(Required action) In your copy, leave out the pictures; write out all the data exactly.

____ Data block

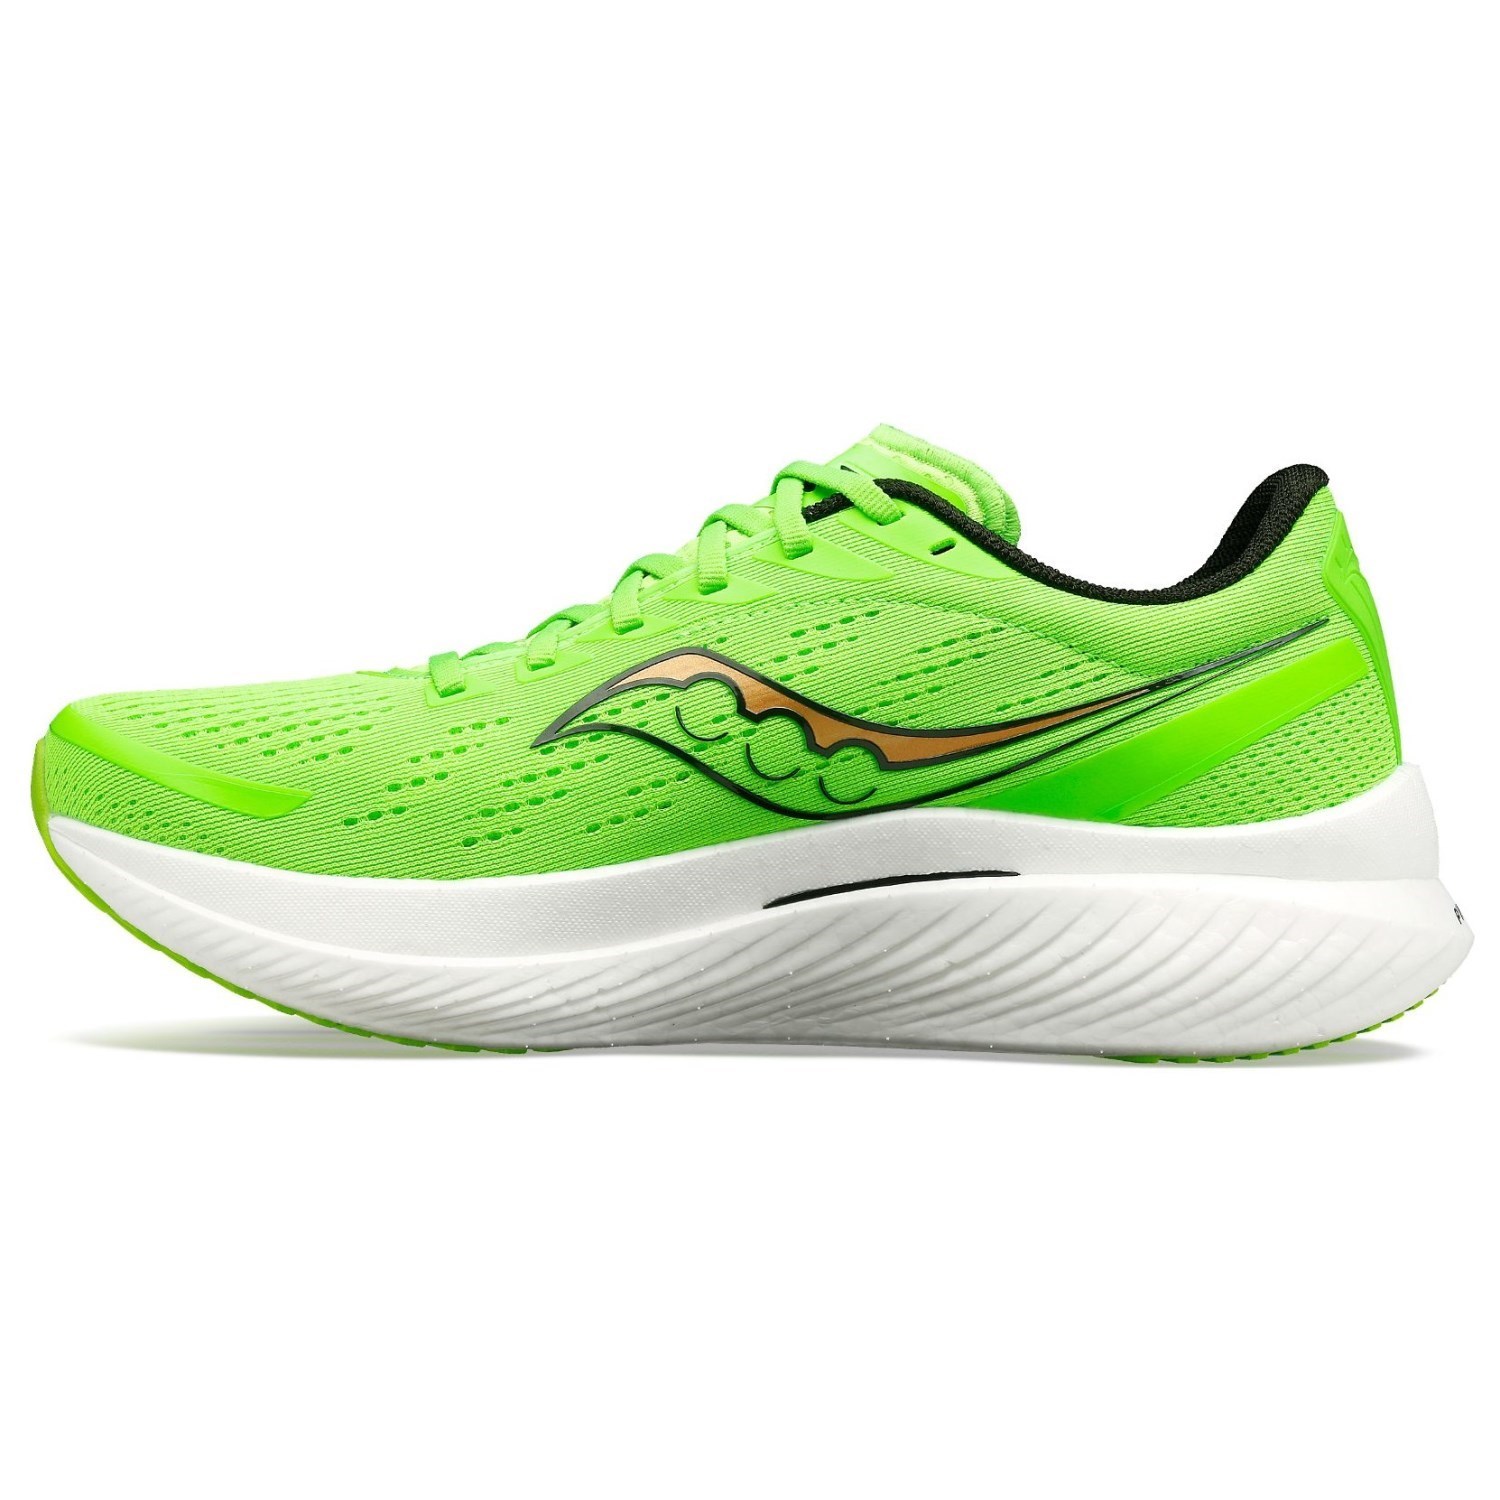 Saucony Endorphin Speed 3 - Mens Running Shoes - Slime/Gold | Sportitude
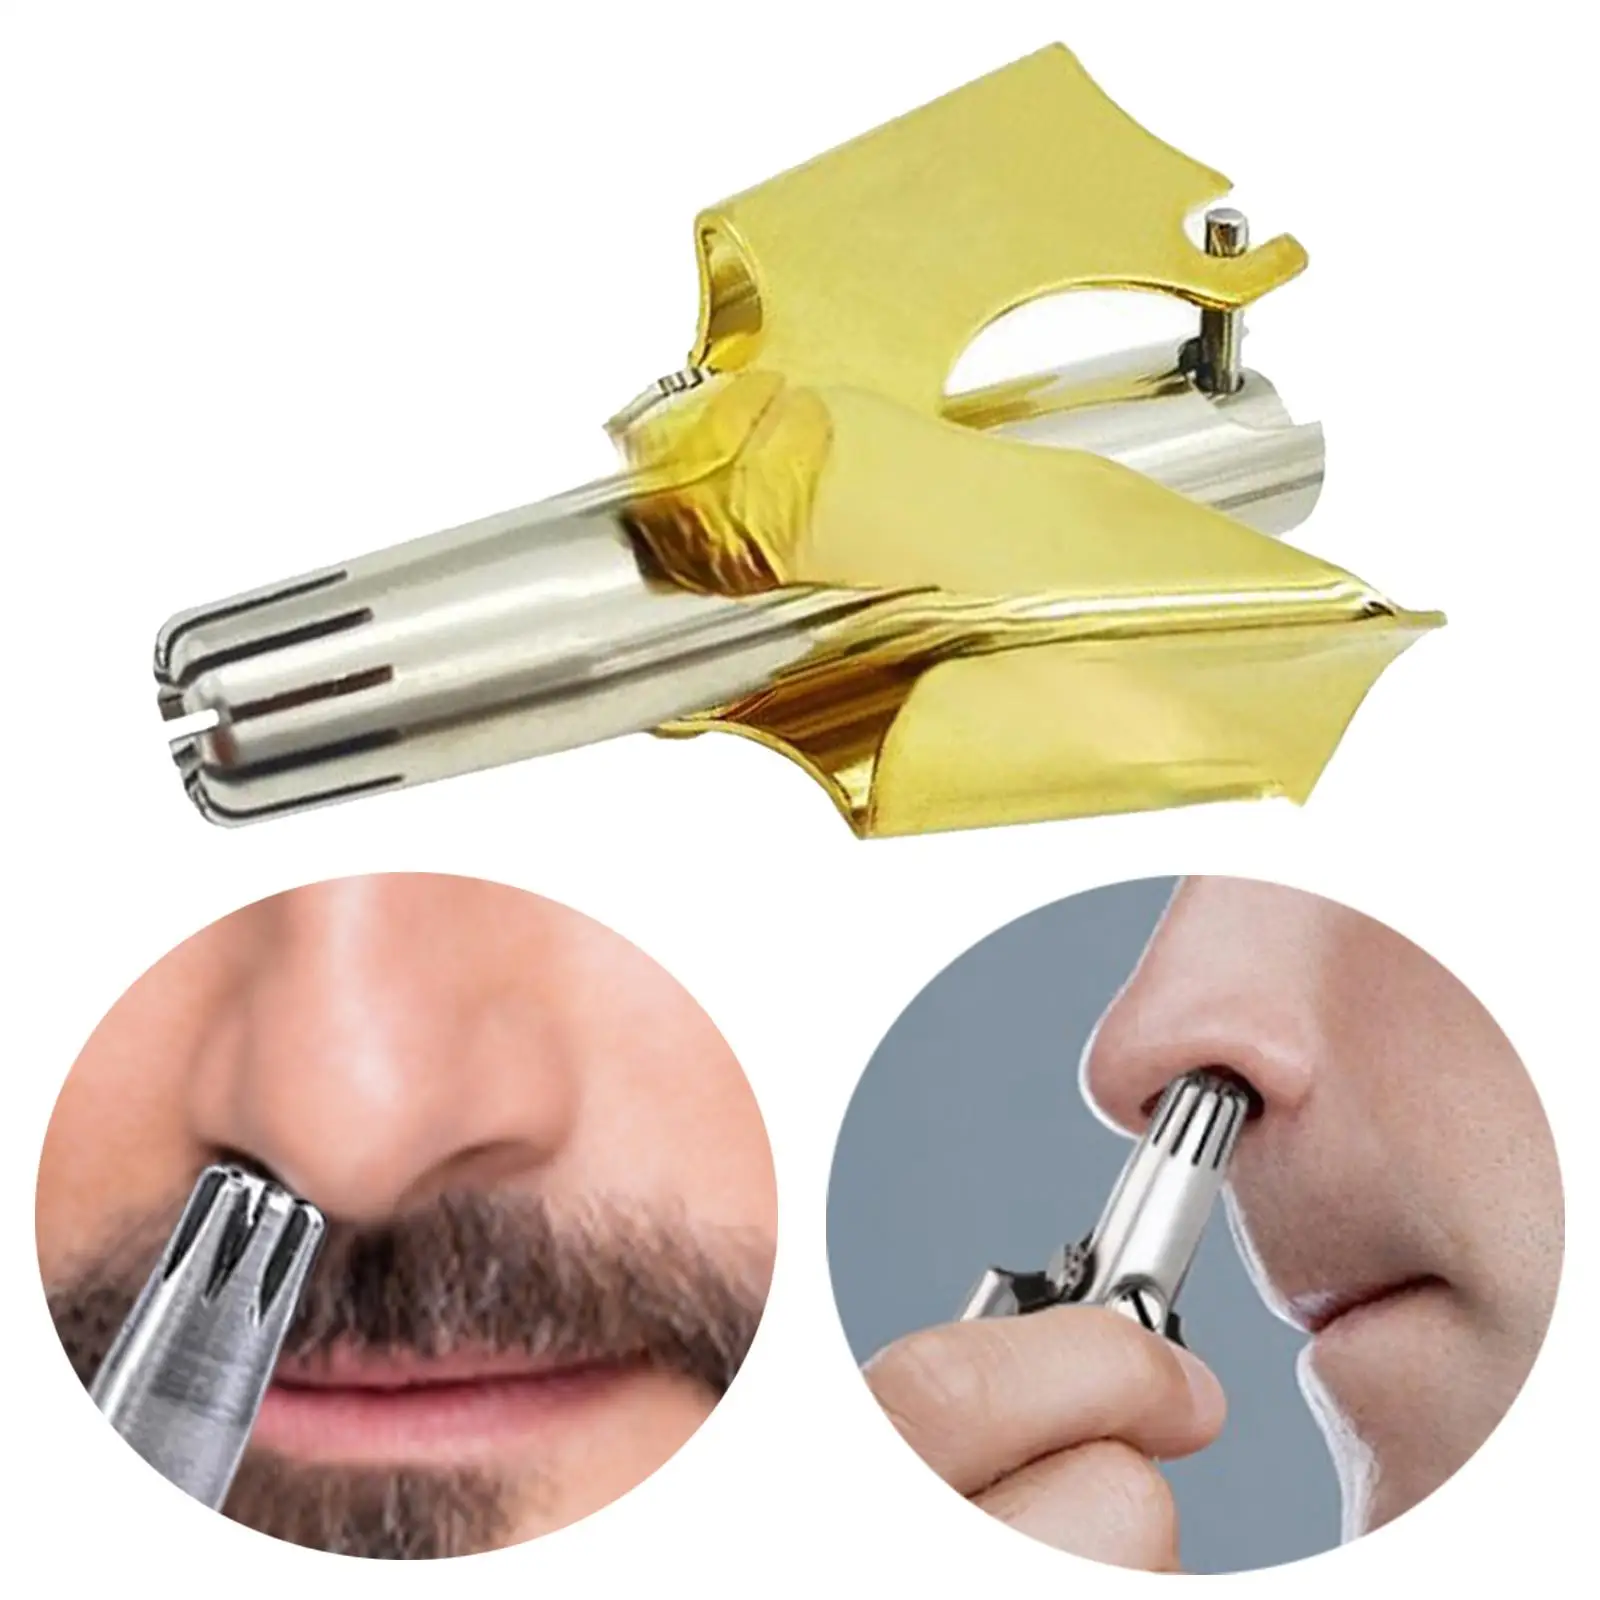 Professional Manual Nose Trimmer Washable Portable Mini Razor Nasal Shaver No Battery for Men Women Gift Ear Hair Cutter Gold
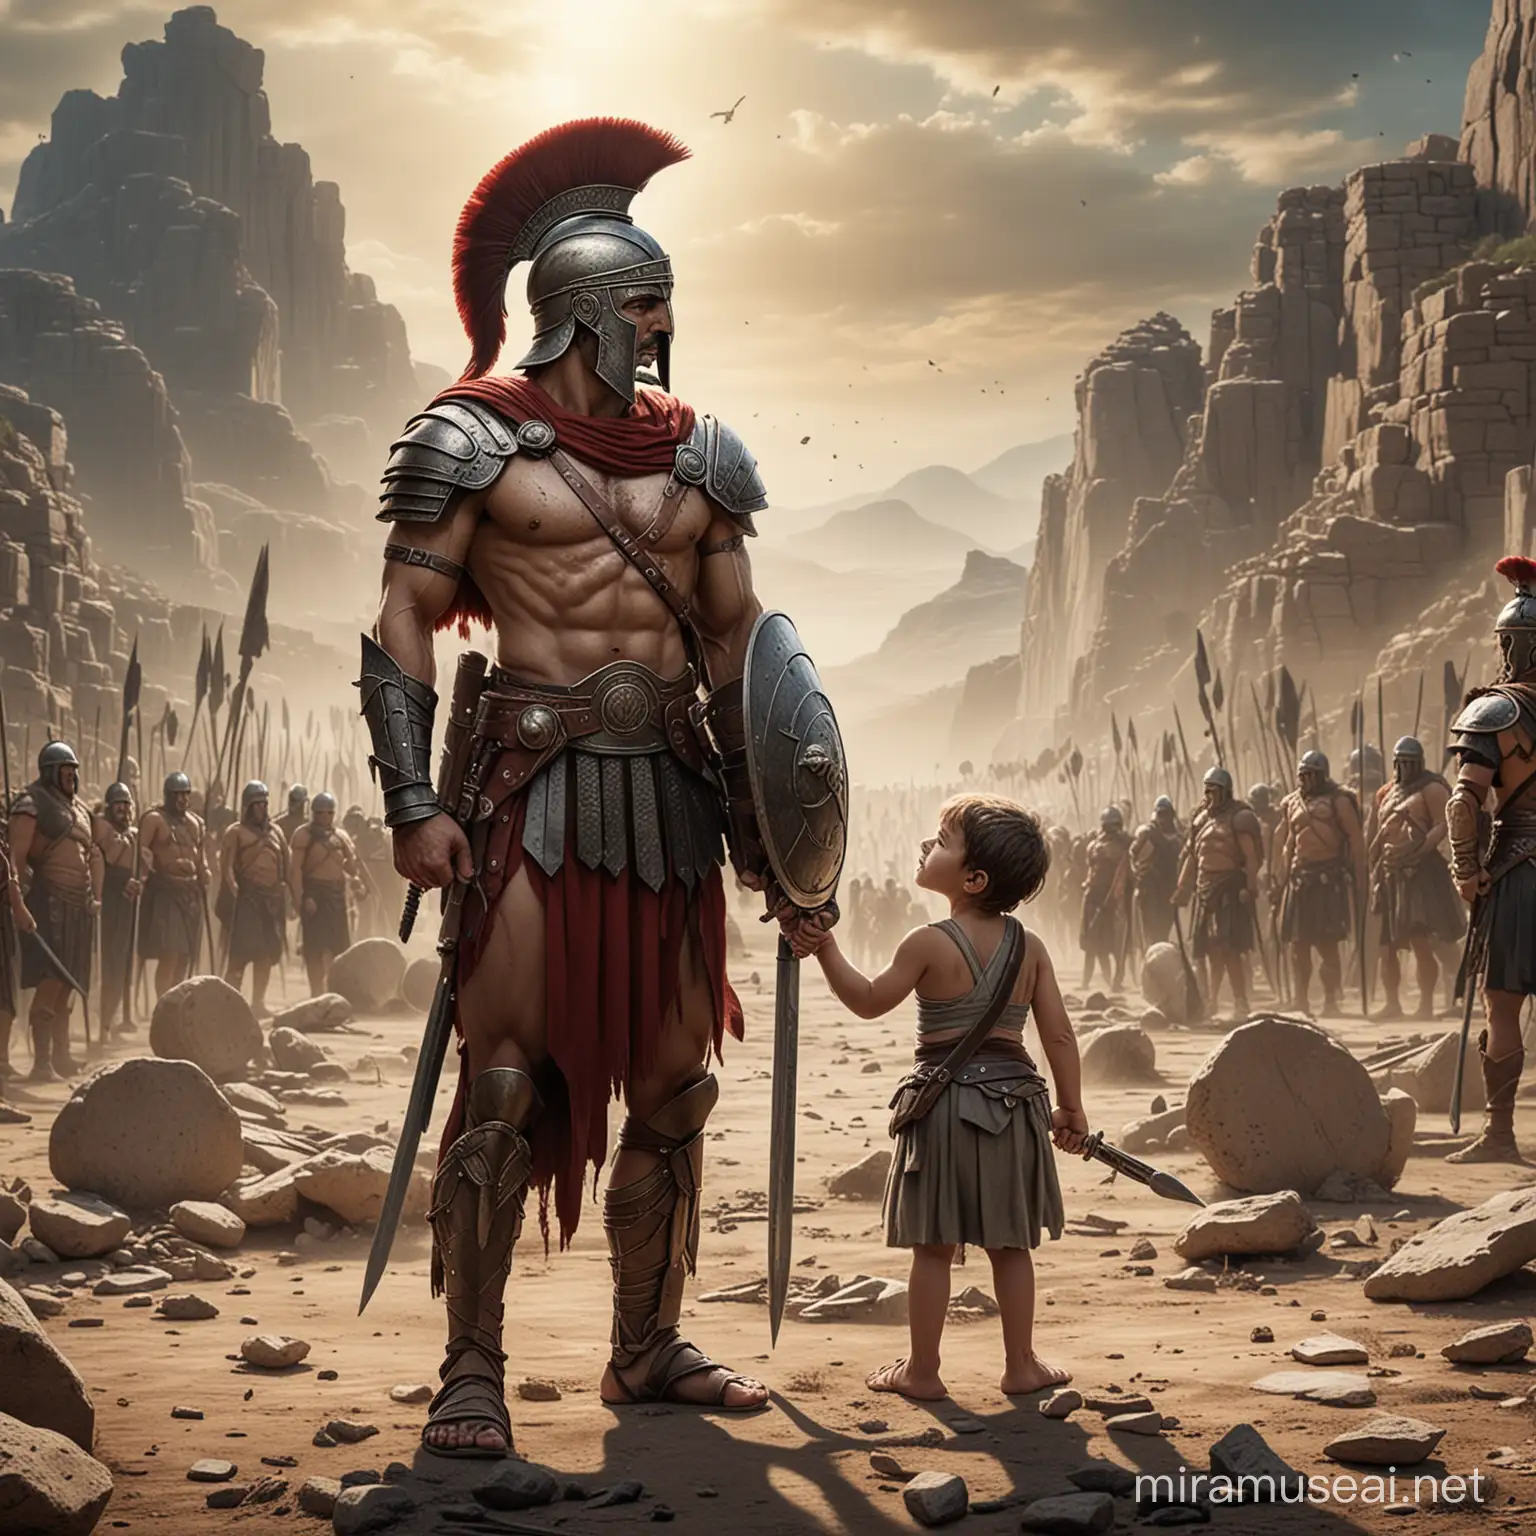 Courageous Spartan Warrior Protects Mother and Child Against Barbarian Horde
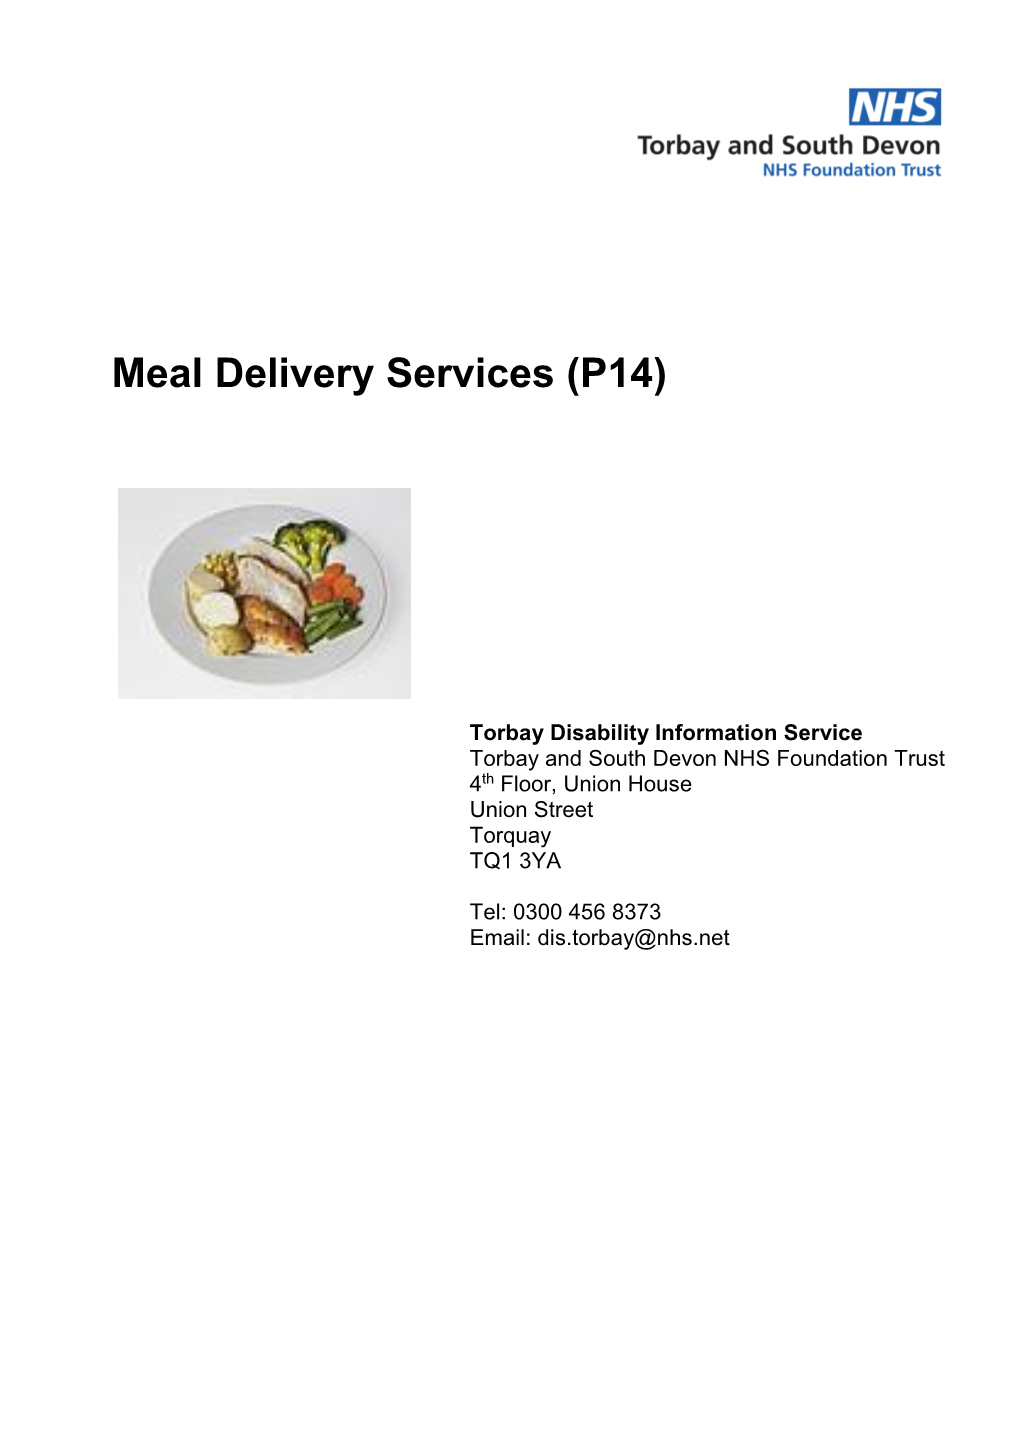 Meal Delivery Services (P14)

________

(Response box)
 Saucony Endorphin Speed 3 - Mens Running Shoes - Slime/Gold | Sportitude
 Professional Manual Nose Trimmer Washable Portable Mini Razor Nasal Shaver No Battery for Men Women Gift Ear Hair Cutter Gold
 Courageous Spartan Warrior Protects Mother and Child Against Barbarian Horde
 Meal Delivery Services (P14)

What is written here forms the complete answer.